DATA SECTION →
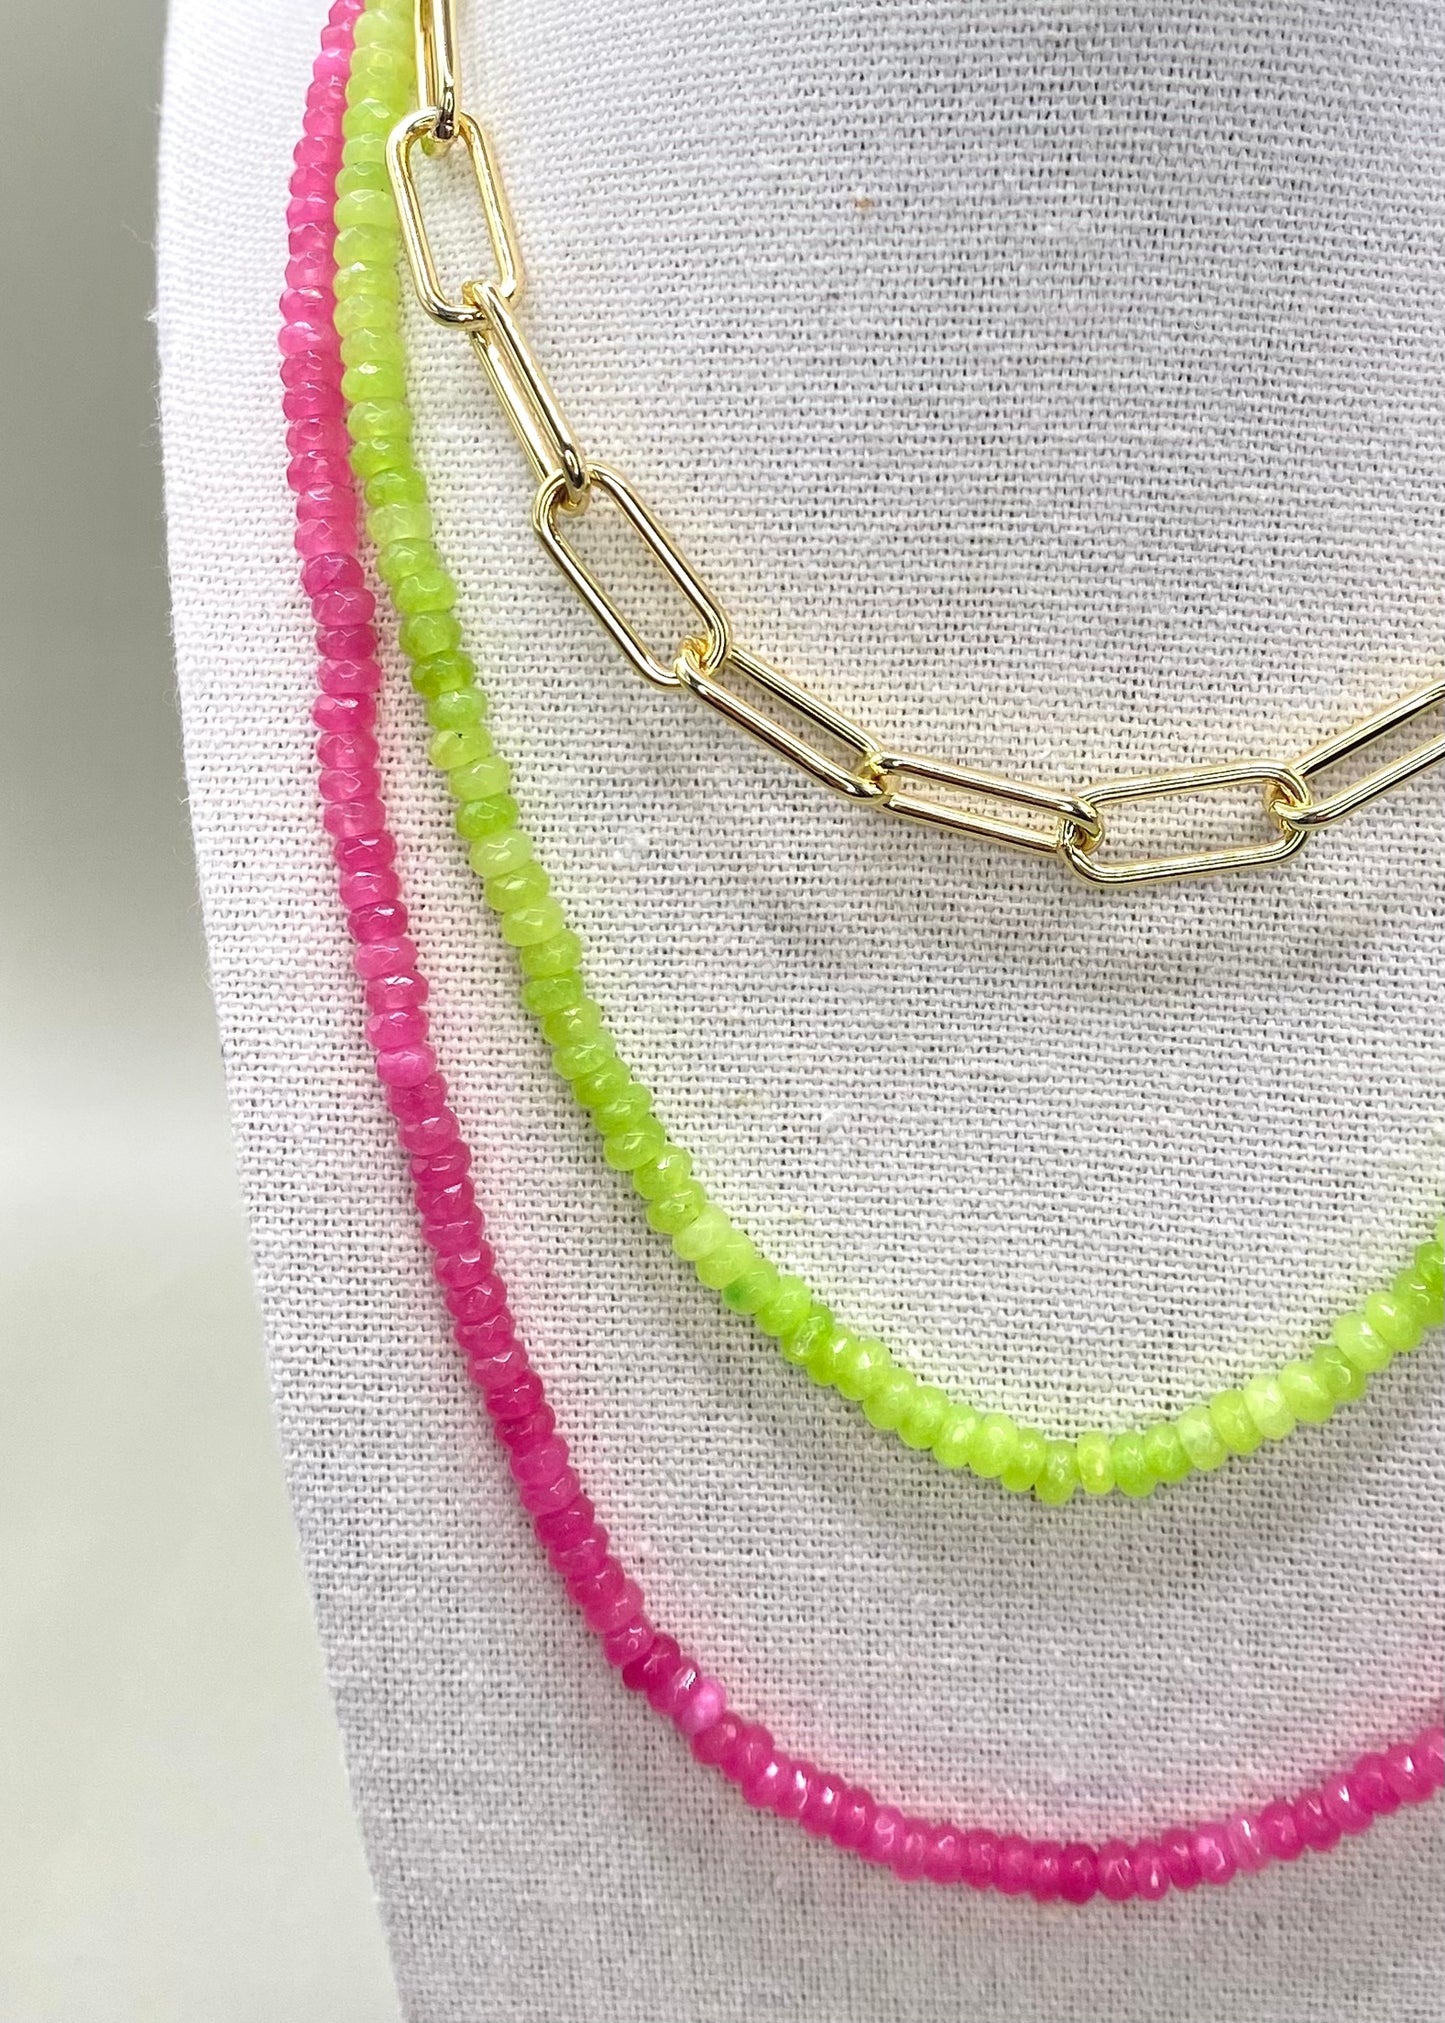 Small Beaded Necklace - Lime
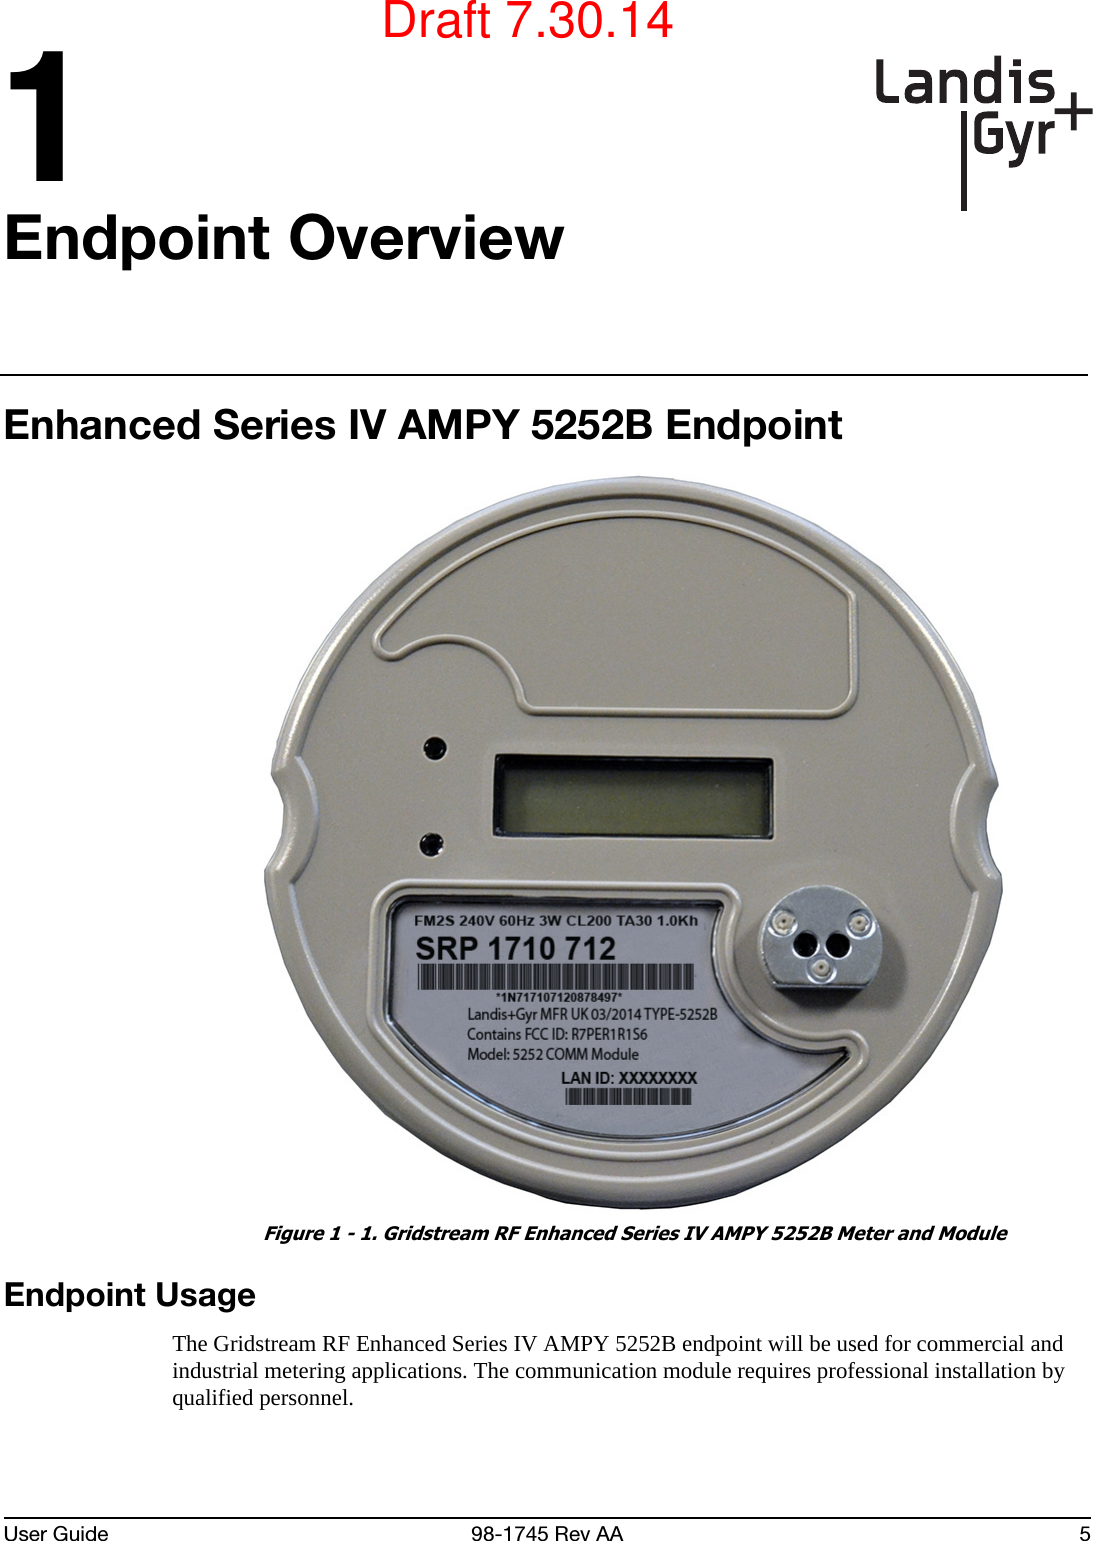 User Guide 98-1745 Rev AA 51Endpoint OverviewEnhanced Series IV AMPY 5252B Endpoint Figure 1 - 1. Gridstream RF Enhanced Series IV AMPY 5252B Meter and ModuleEndpoint UsageThe Gridstream RF Enhanced Series IV AMPY 5252B endpoint will be used for commercial and industrial metering applications. The communication module requires professional installation by qualified personnel.Draft 7.30.14
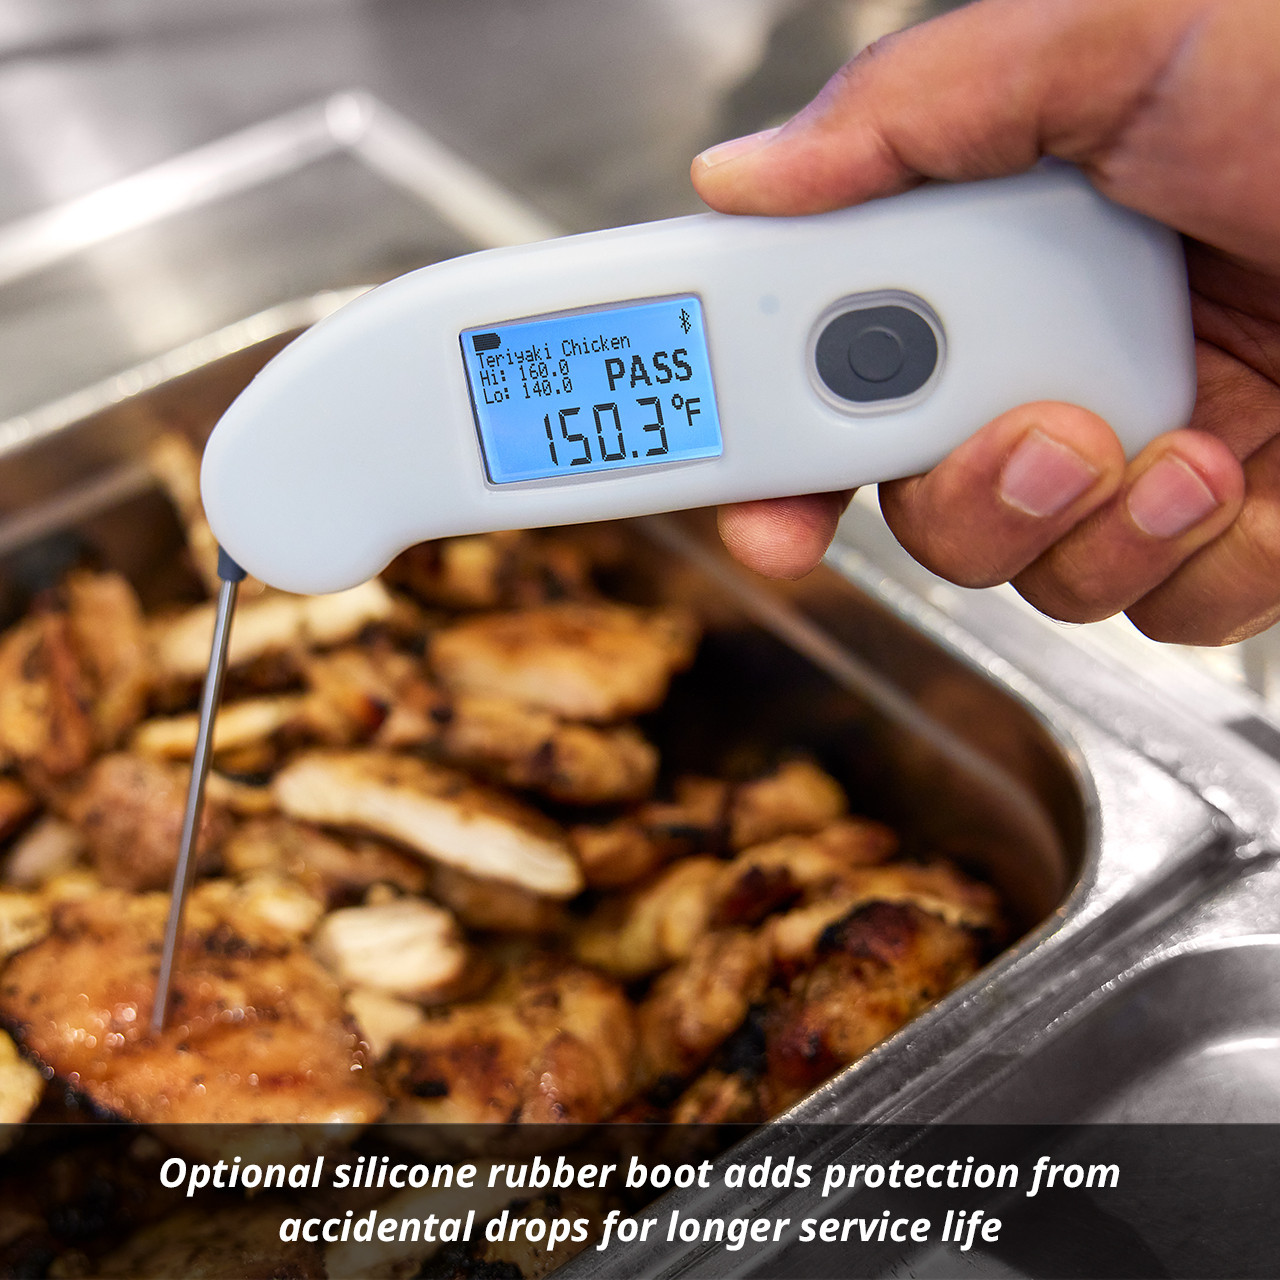 Thermapen® IR Blue - Bluetooth Infrared Temperature Probe - ThermoWorks

WHAT YOU NEED TO DO → Retype the whole of the data verbatim. Skip every picture.

FINAL ANSWER →
 Small Beaded Necklace - Lime
 User Guide 98-1745 Rev AA 51Endpoint OverviewEnhanced Series IV AMPY 5252B Endpoint Figure 1 - 1. Gridstream RF Enhanced Series IV AMPY 5252B Meter and ModuleEndpoint UsageThe Gridstream RF Enhanced Series IV AMPY 5252B endpoint will be used for commercial and industrial metering applications. The communication module requires professional installation by qualified personnel.Draft 7.30.14
 Thermapen® IR Blue - Bluetooth Infrared Temperature Probe - ThermoWorks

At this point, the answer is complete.